## INSTRUCTIONS FOR THE TASK:
No pictures are to be included when the entries below are reproduced exactly.

## SUPPLIED INFORMATION:
◇ ◇ ◇ ◇ ◇ ◇ ◇
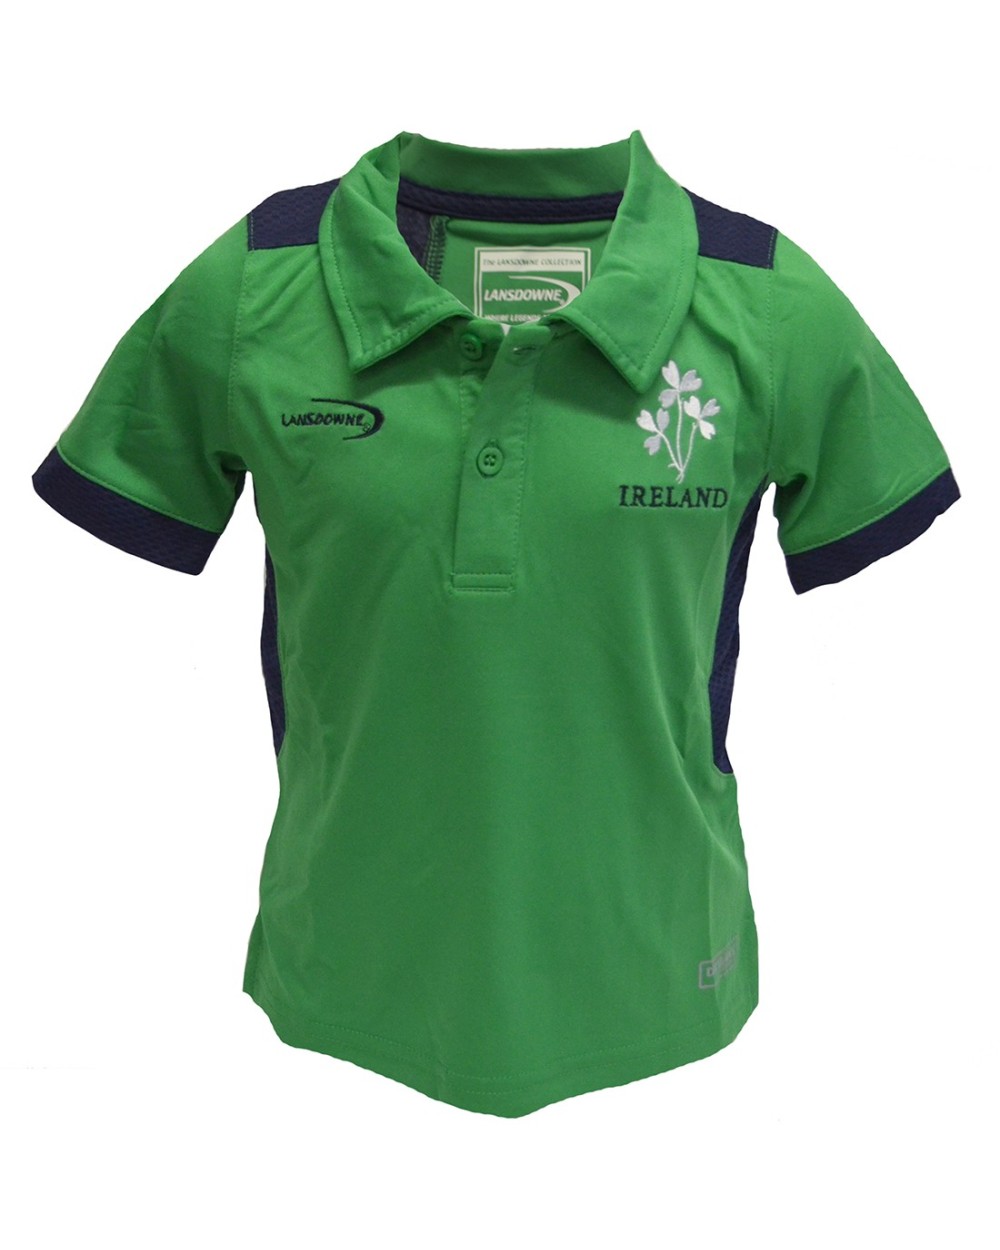 Lansdowne Sports Official Collection Emerald Green And Navy Performance Kids Polo Shirt
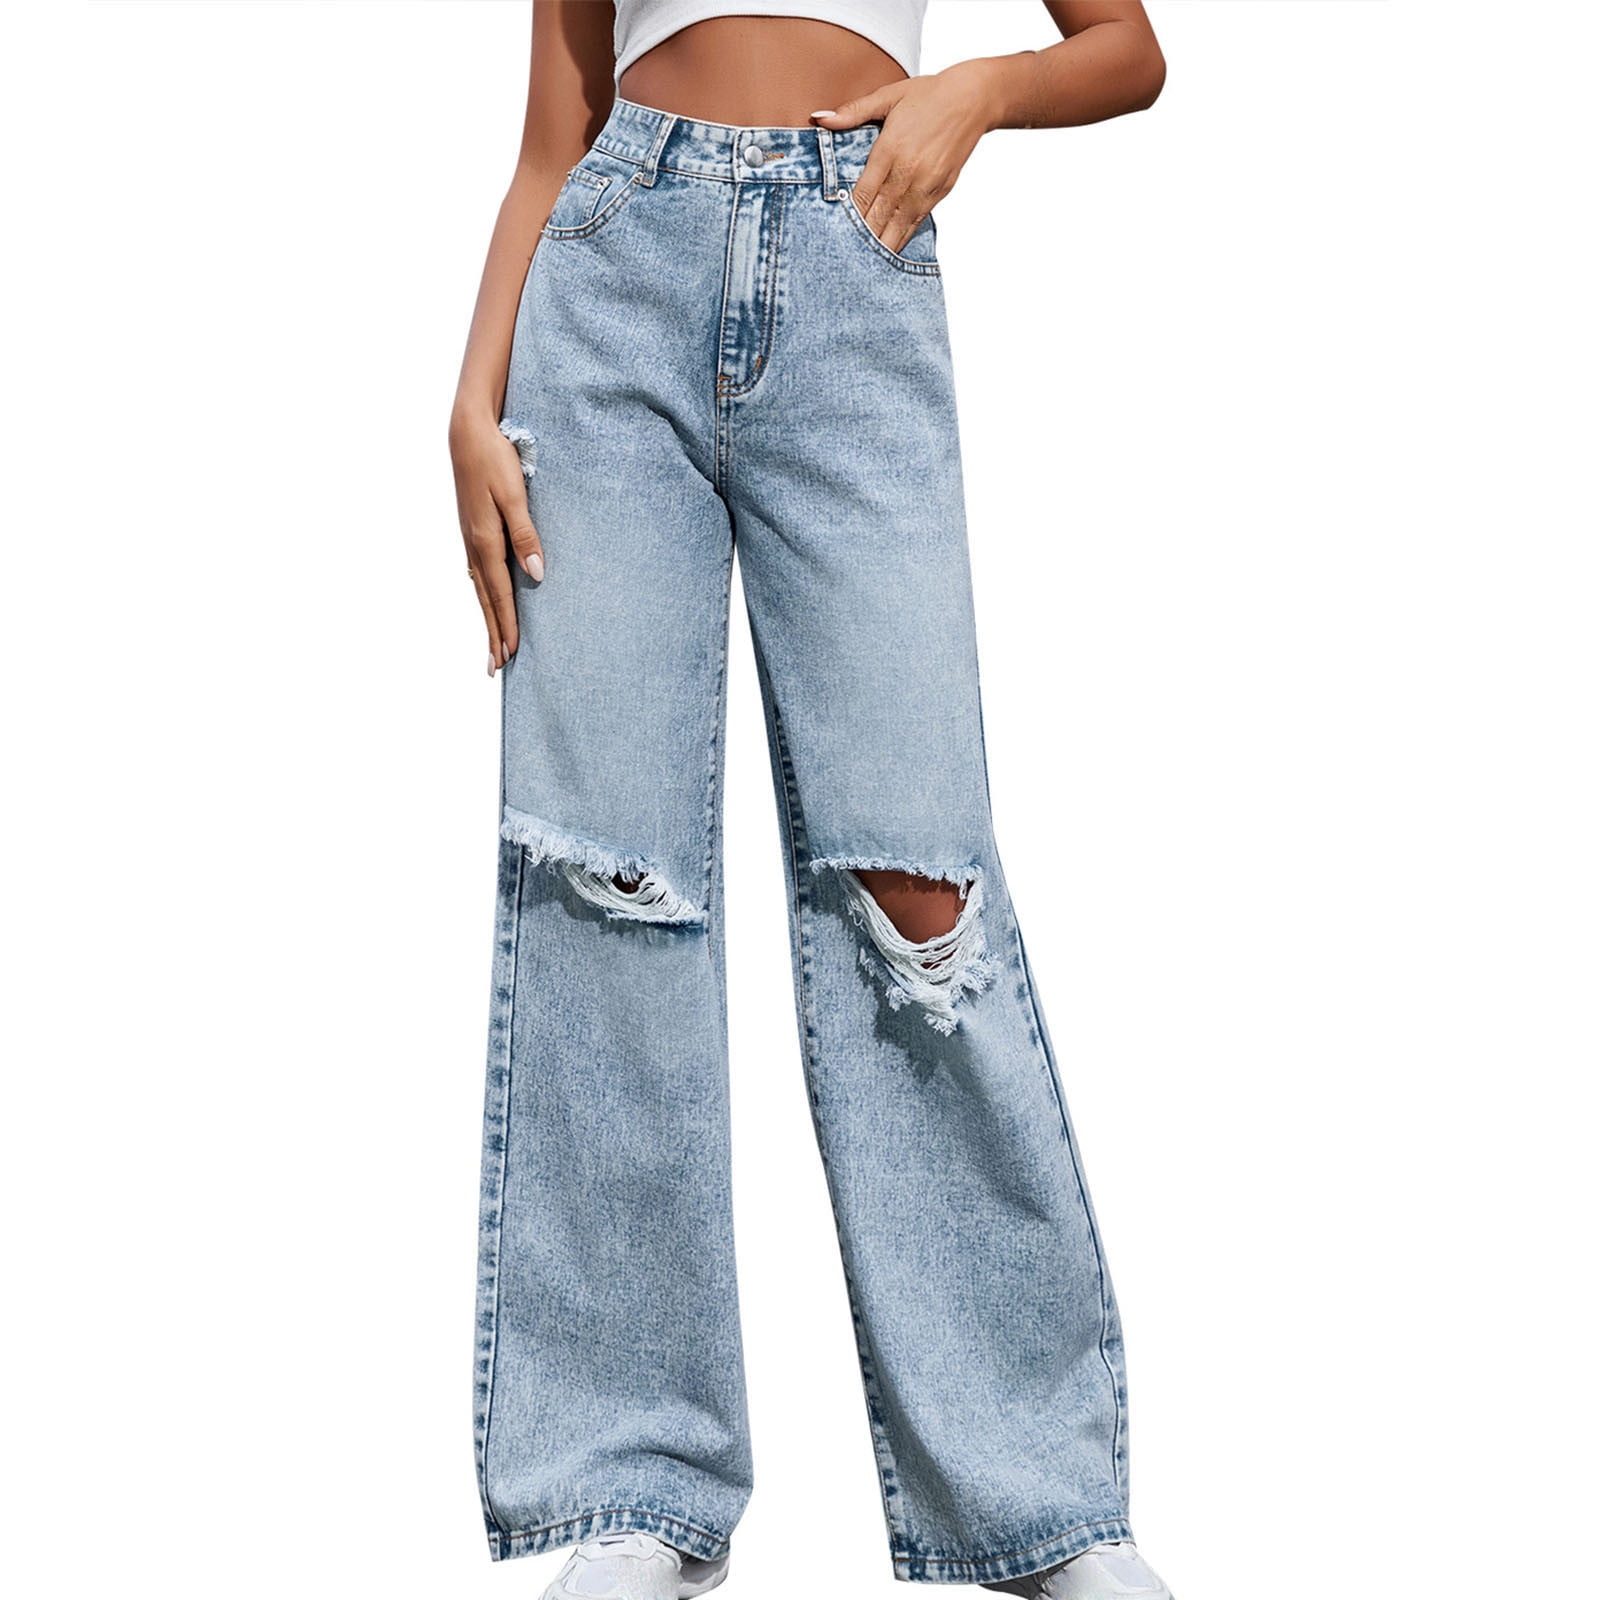 Women's Tall High Waist Ripped Stretch Flare Jeans
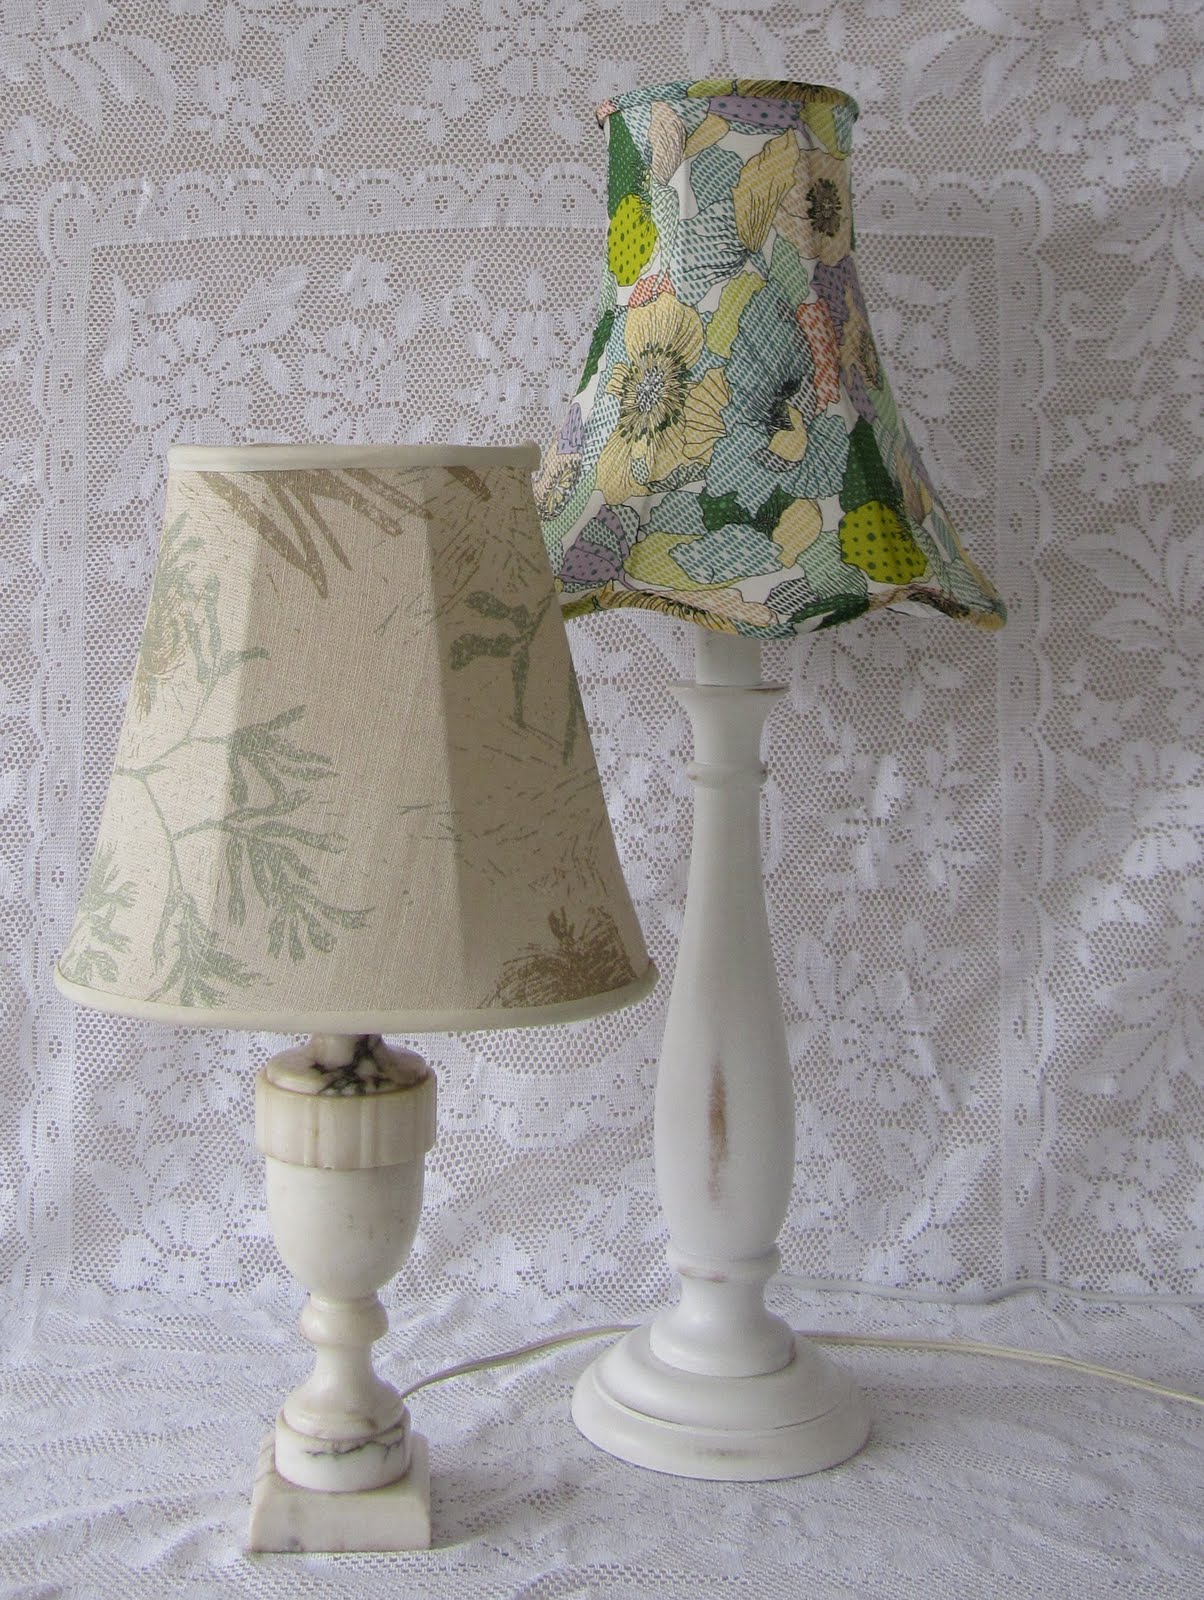 Lampshade Tutorial, How To Recover A Lined Fabric Lampshade
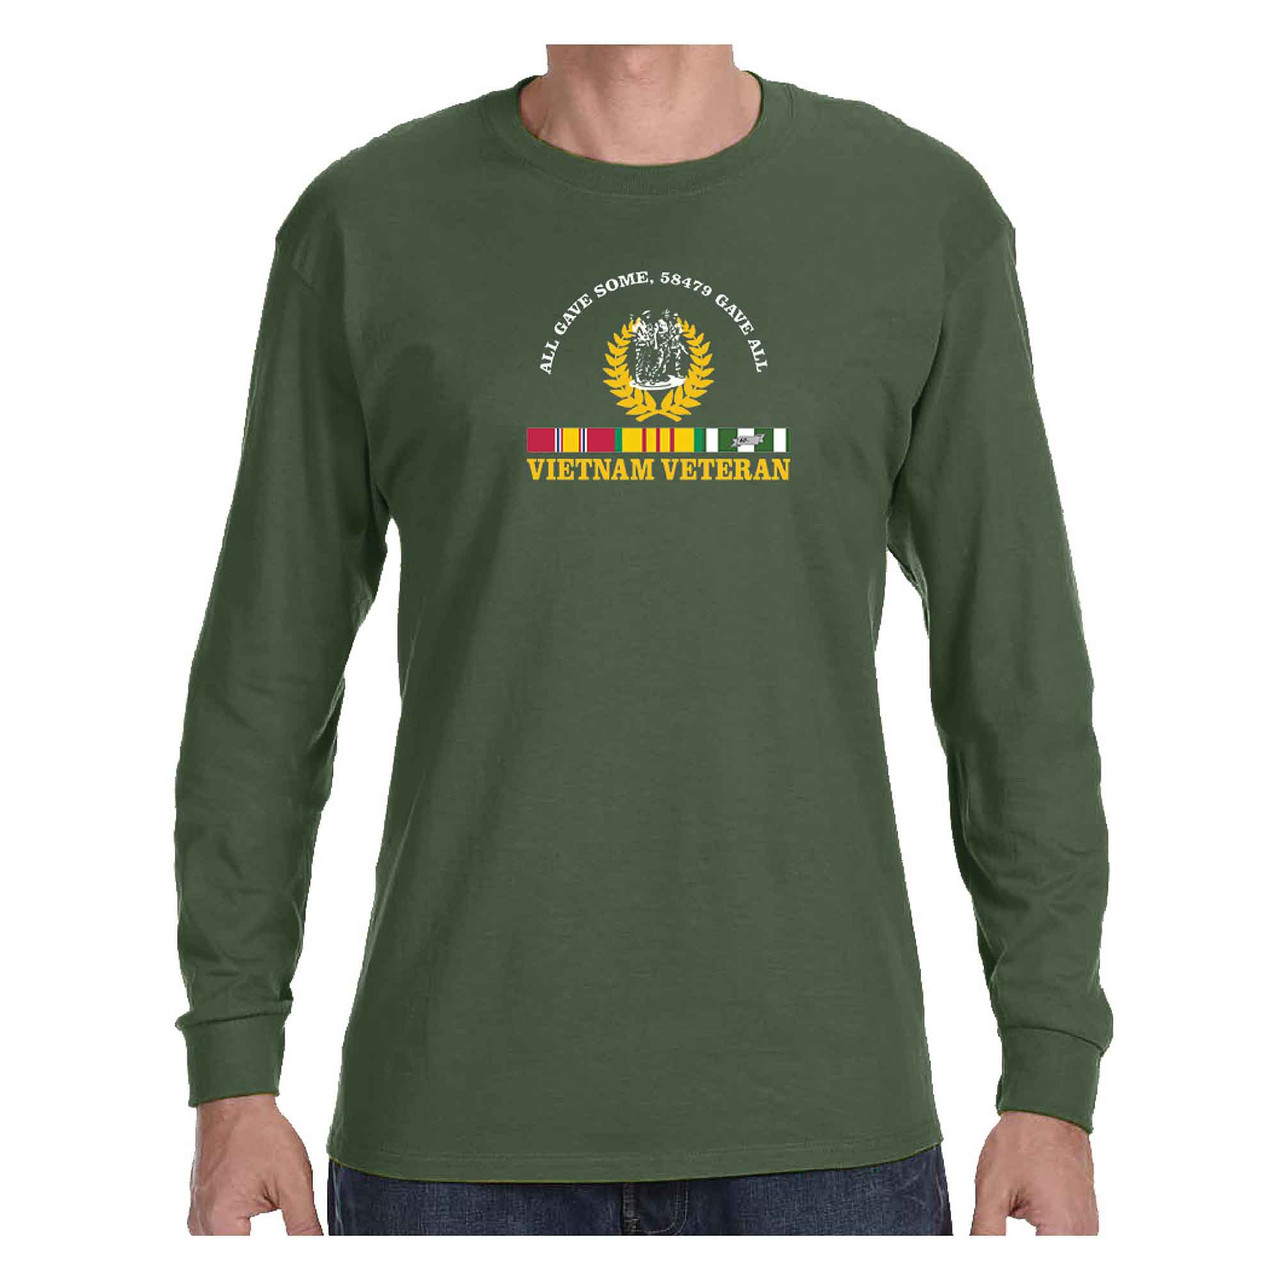 vietnam veteran all gave some 58479 gave all special edition olive drab long sleeve shirt front view
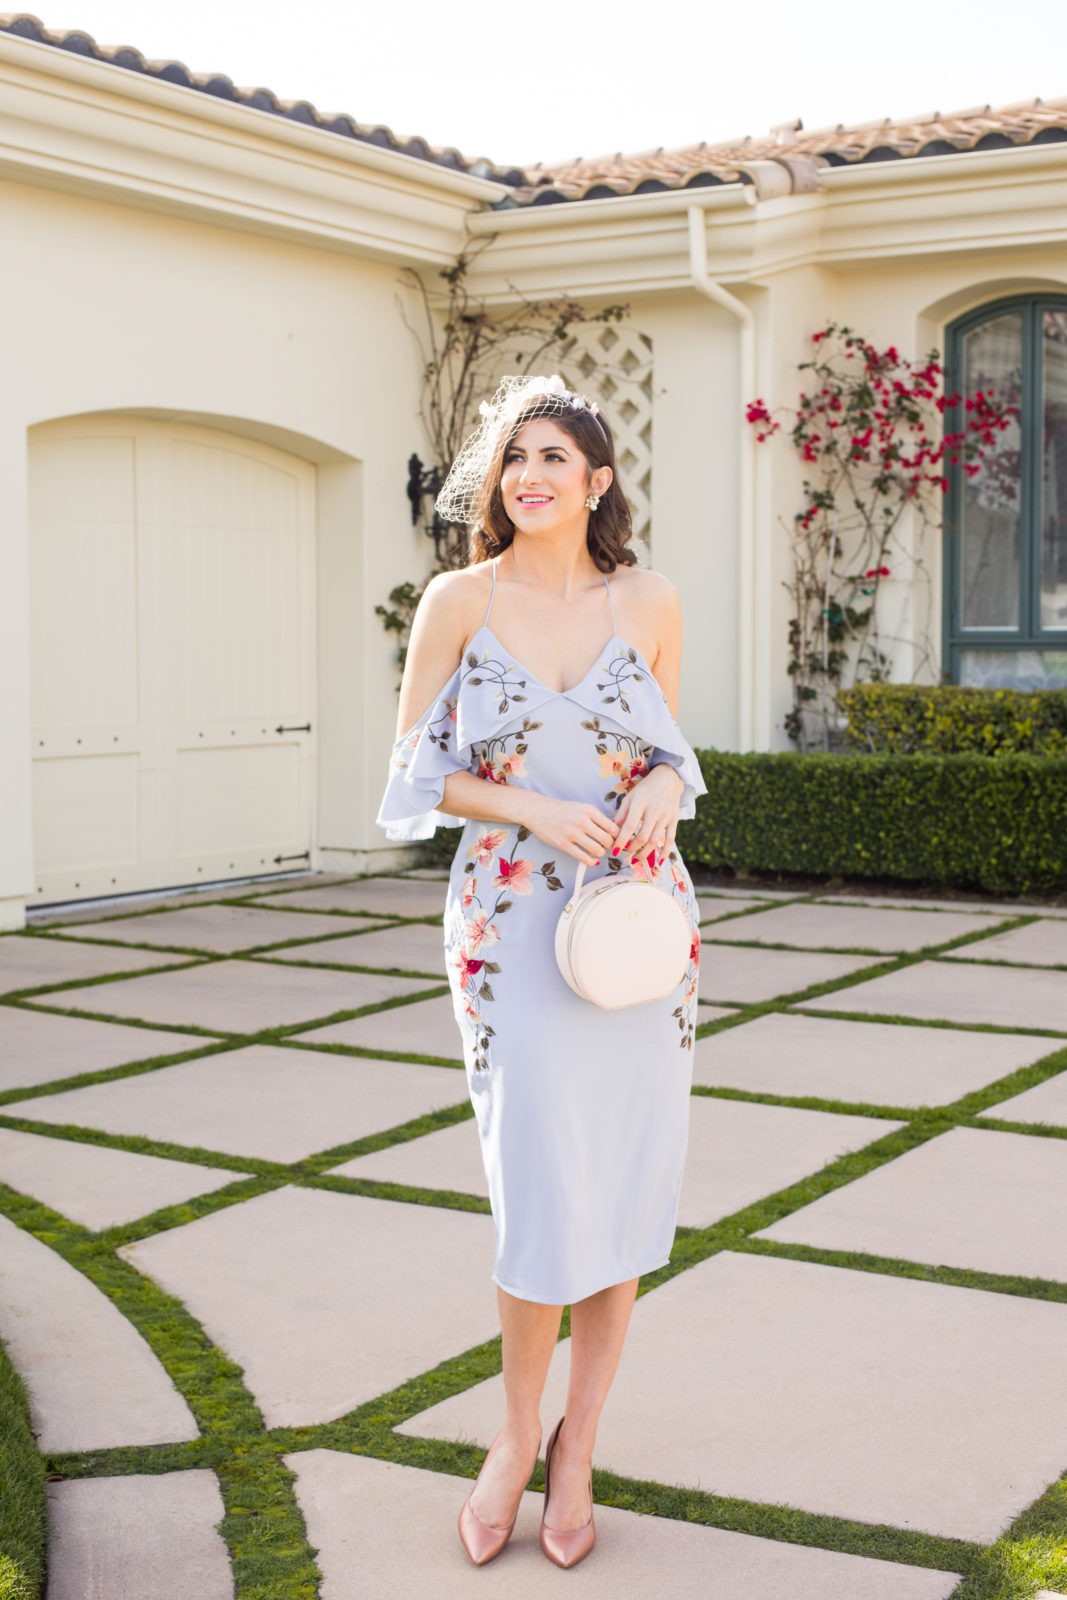 Wedding Guest Dress Options for Spring - Loverly Grey
◇ ◇ ◇ ◇ ◇ ◇ ◇
## RESPONSE AREA:
 Lansdowne Sports Official Collection Emerald Green And Navy Performance Kids Polo Shirt
 Women's Tall High Waist Ripped Stretch Flare Jeans
 Lampshade Tutorial, How To Recover A Lined Fabric Lampshade
 vietnam veteran all gave some 58479 gave all special edition olive drab long sleeve shirt front view
 Wedding Guest Dress Options for Spring - Loverly Grey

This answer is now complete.